Hughston Clinic, Columbus, Georgia.
Sports Health. 2010 Mar;2(2):147-55. doi: 10.1177/1941738109338359.
Symptomatic scapulothoracic bursitis and crepitus are disorders of the scapulothoracic articulation that are often poorly understood. They can be a source of persistent pain and dysfunction in the active overhead throwing athlete. It is important to distinguish between scapulothoracic bursitis and scapulothoracic crepitus. Scapulothoracic bursitis refers to inflammation of the bursae secondary to trauma or overuse owing to sports activities or work. Scapulothoracic crepitus is defined by a grinding, popping, or thumping sound or sensation secondary to abnormal scapulothoracic motion.
This article presents the causes, diagnosis, and management of these shoulder conditions in a manner that is relevant to clinicians, athletic trainers, and physical therapists, and it reviews relevant studies to determine the consensus on nonoperative treatment, as well as open and arthroscopic surgical treatment.
The causes of scapulothoracic bursitis and crepitus include direct or indirect trauma, overuse syndromes, glenohumeral joint dysfunction, osseous abnormalities, muscle atrophy or fibrosis, and idiopathic causes. Scapulothoracic bursitis and crepitus remain primarily clinical diagnoses; however, imaging studies or local injections may also be helpful. The initial treatment of scapulothoracic bursitis and scapulothoracic crepitus should be nonoperative. Surgical treatment options include partial scapulectomy or resection of the superomedial angle of the scapula, open bursal resection, and arthroscopic bursectomy. Despite the lack of agreement among orthopaedic surgeons concerning which procedure is best for treating symptomatic scapulothoracic bursitis and crepitus, most reports have demonstrated good to excellent outcomes in a significantly high percentage of patients.

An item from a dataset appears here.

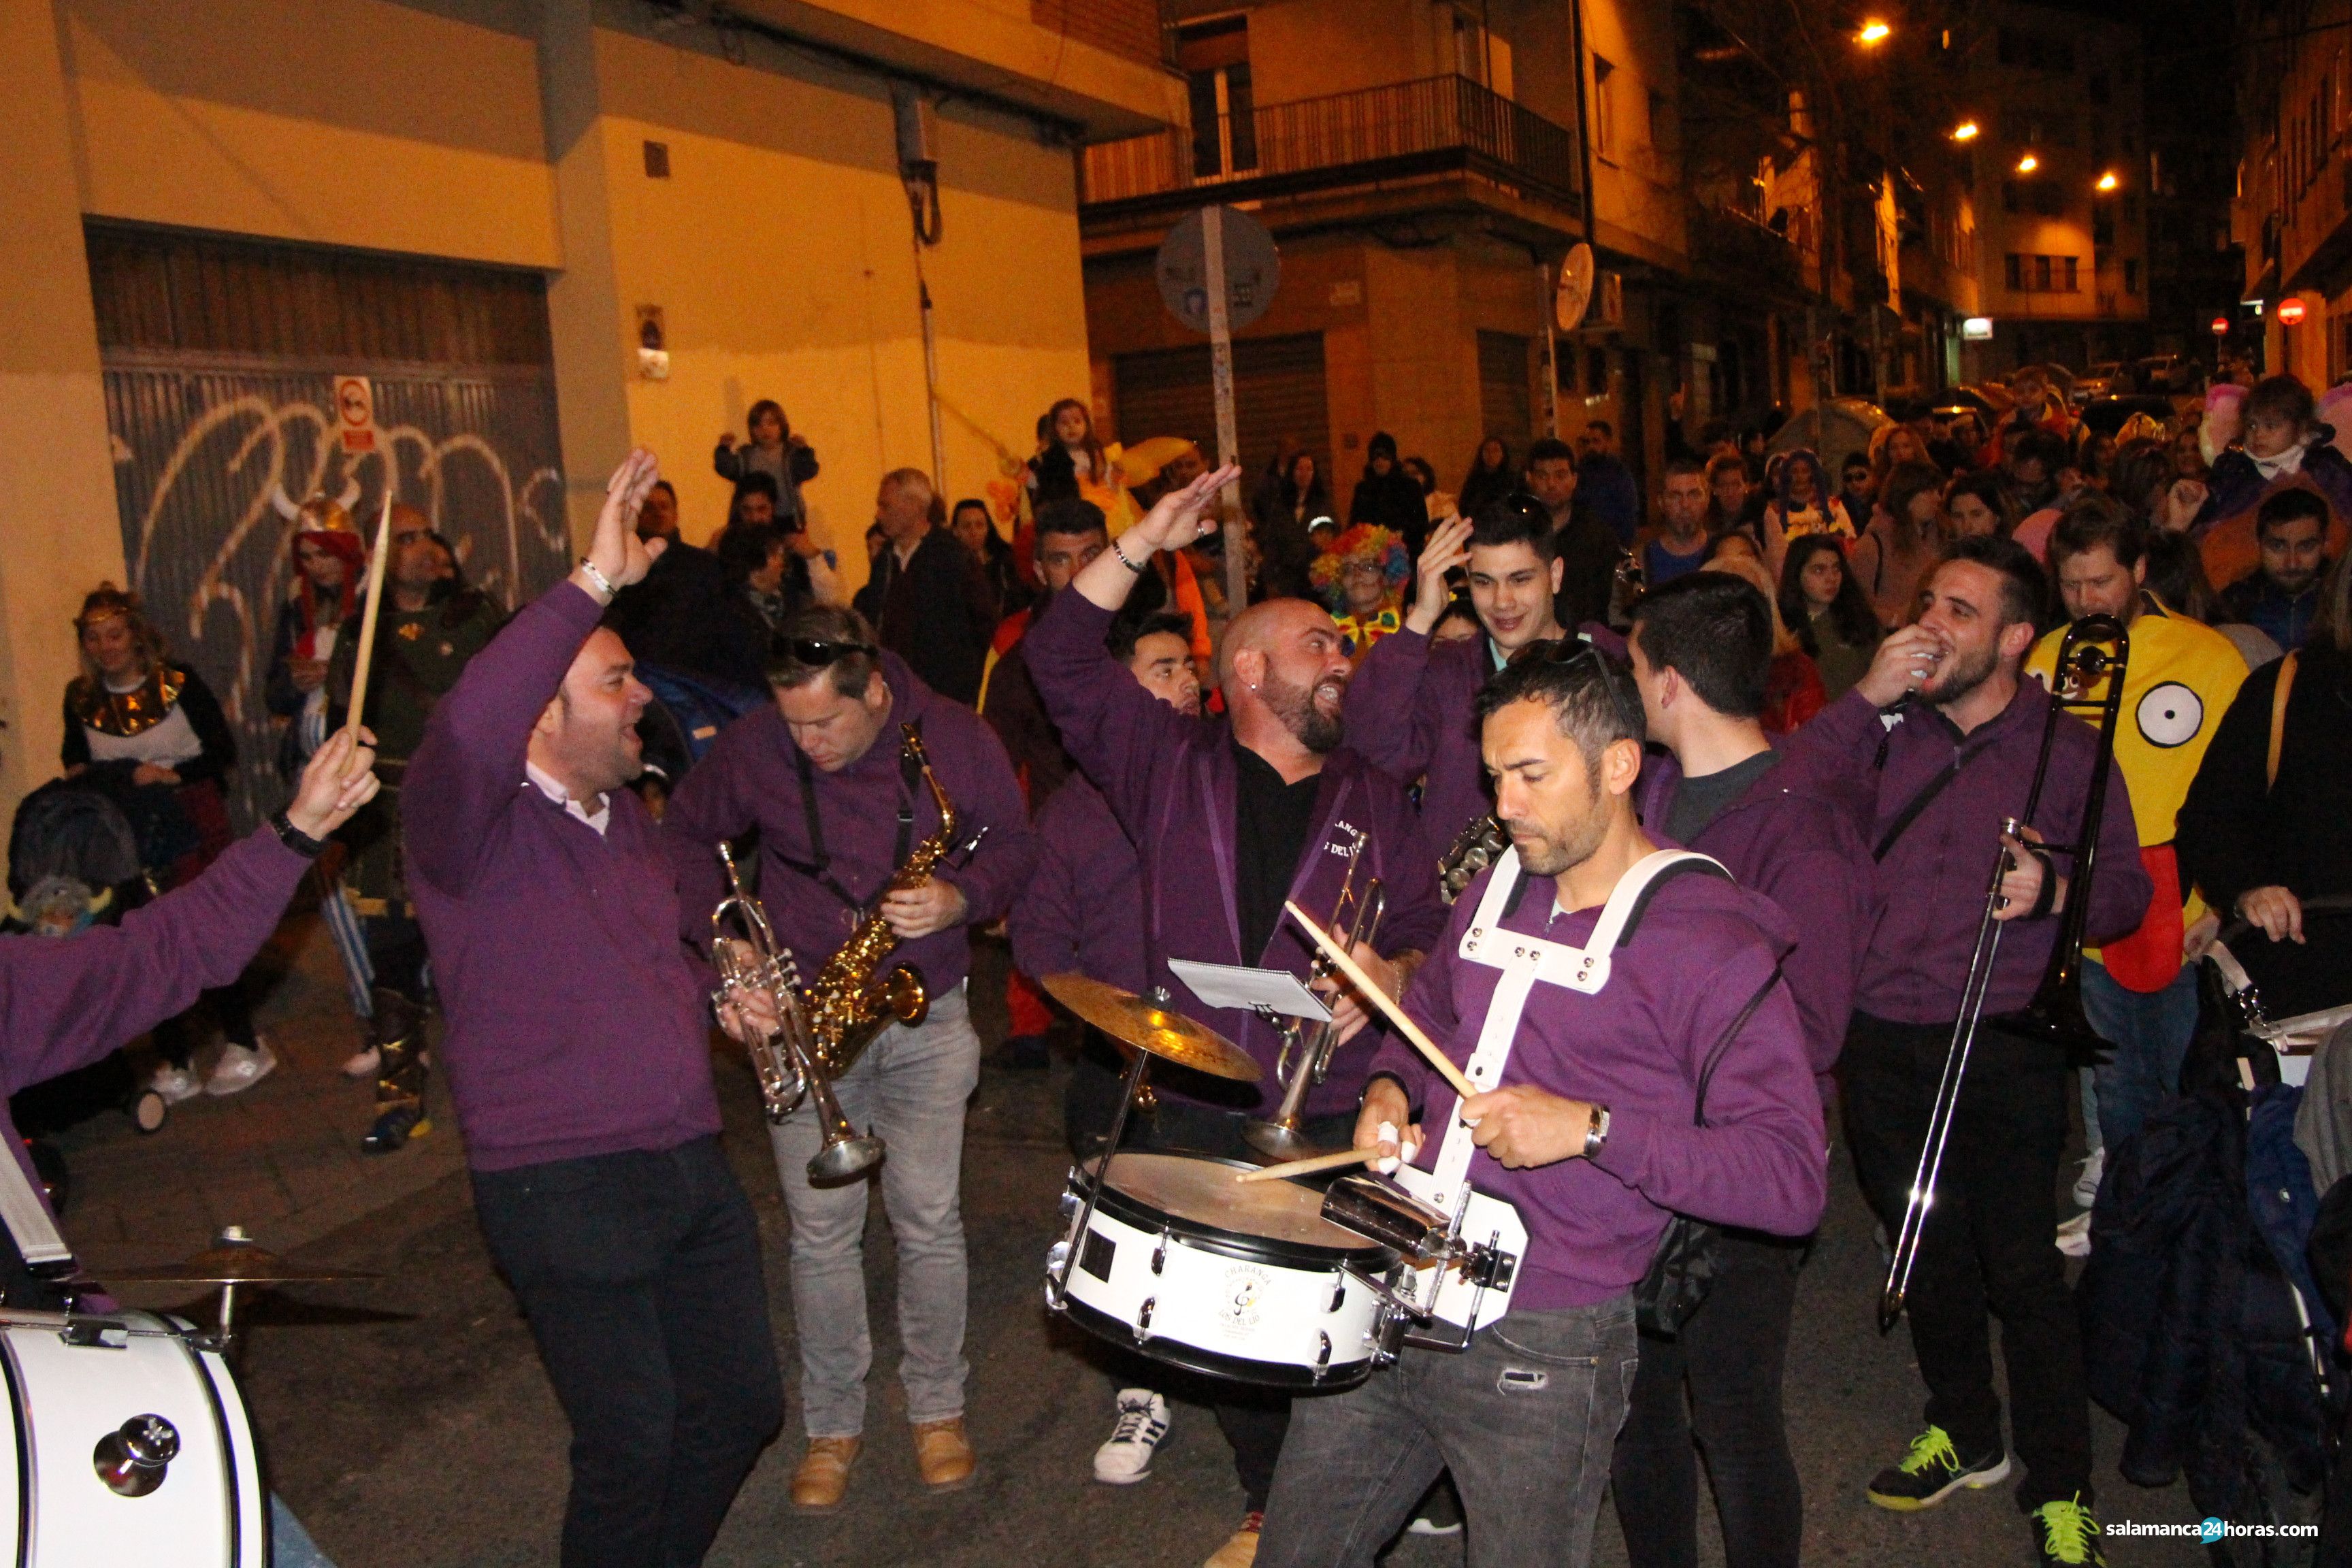  Carnaval barrio del oeste (24 02 2020) (48)

Clearly, the best initial approach to these conditions is a nonoperative treatment plan that combines scapular strengthening, postural reeducation, and core strength endurance. The addition of local modalities, nonsteroidal anti- inflammatory drugs, and localized injections may also be helpful. If an appropriate trial of nonoperative management proves unsuccessful, surgical correction can produce good results.
症状性肩胛胸壁囊炎和弹响是肩胛胸关节的疾病,通常理解较差。它们可能是活动过顶投掷运动员持续疼痛和功能障碍的根源。区分肩胛胸囊炎和肩胛胸壁弹响很重要。肩胛胸囊炎是指由于创伤或过度使用(由于运动或工作)导致滑囊炎炎症。肩胛胸壁弹响是指由于肩胛胸运动异常而产生的摩擦、爆裂或砰砰声或感觉。
本文以与临床医生、运动训练师和物理治疗师相关的方式介绍了这些肩部疾病的病因、诊断和治疗,并回顾了相关研究,以确定非手术治疗以及开放和关节镜手术治疗的共识。
肩胛胸囊炎和弹响的原因包括直接或间接创伤、过度使用综合征、盂肱关节功能障碍、骨异常、肌肉萎缩或纤维化以及特发性原因。肩胛胸囊炎和弹响仍然主要是临床诊断;然而,影像学研究或局部注射也可能有帮助。肩胛胸囊炎和肩胛胸壁弹响的初始治疗应是非手术治疗。手术治疗选择包括肩胛下部分切除术或肩胛上内角切除术、开放滑囊切除术和关节镜下滑囊切除术。尽管矫形外科医生对治疗症状性肩胛胸囊炎和肩胛胸壁弹响的最佳手术方法存在分歧,但大多数报告显示,在很大比例的患者中,手术结果良好或优秀。
显然,这些疾病的最佳初始方法是结合肩胛强化、姿势再教育和核心力量耐力的非手术治疗计划。局部治疗、非甾体抗炎药和局部注射也可能有帮助。如果非手术治疗方案不成功,手术矫正可以取得良好效果。